После обеда 27 июля мы в колонне поднимались на какую-то высотку. Внезапно разорвалось несколько снарядов. У одной повозки лопнула шестеренка, и она завалилась. Один возница был убит, а у другого оторвало обе руки. Он с криком бросился прочь, но тут же замертво упал.

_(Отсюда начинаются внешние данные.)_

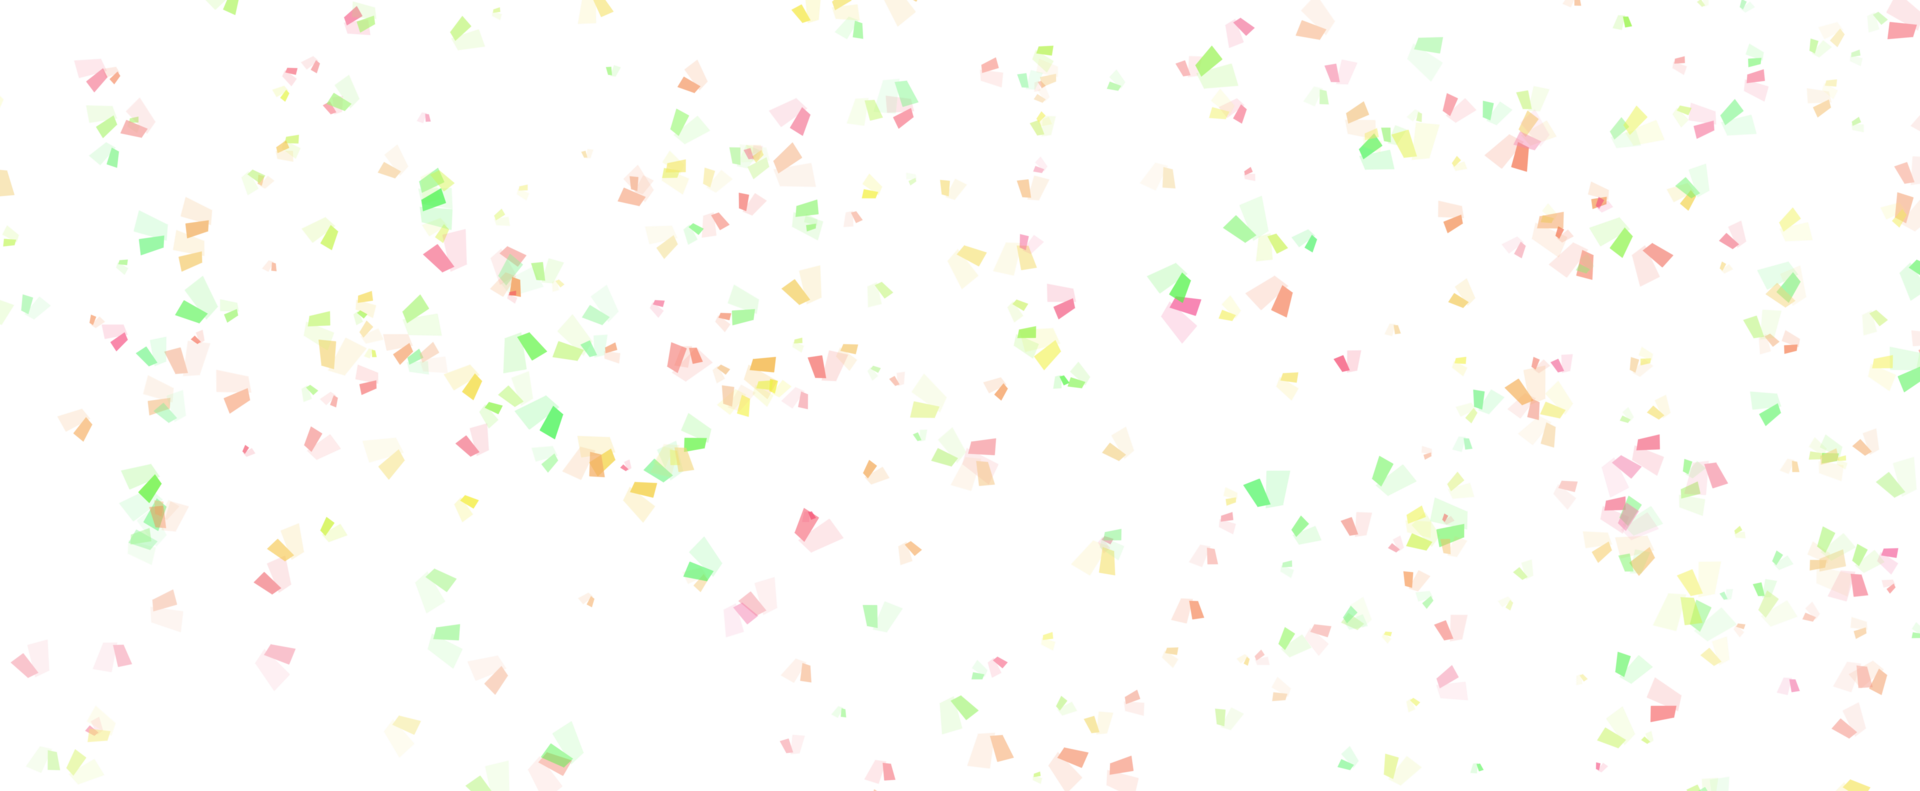 fondo festivo de confeti redondo de memphis en azul cian, rosa y amarillo. patrón infantil y círculos de confeti bokeh decoración fondo de vacaciones. png

Вечером того же дня при переодевании я впервые обнаружил у себя вшей, стыдливо умолчал об этом, но скоро обратил внимание на то, что вся рота стала нещадно чесаться.

Глава 3

Бои на Днепре

Первым взводом нашей роты командовал лейтенант Гетц. Еще во Франции мы стали с ним друзьями. Это был высокий крепкий мужчина из Швабии. До войны он учился на агронома. Ему потребовалась вся его ловкость, чтобы добиться моего перевода в свой взвод, поскольку мне становилось все труднее выносить Цанглера.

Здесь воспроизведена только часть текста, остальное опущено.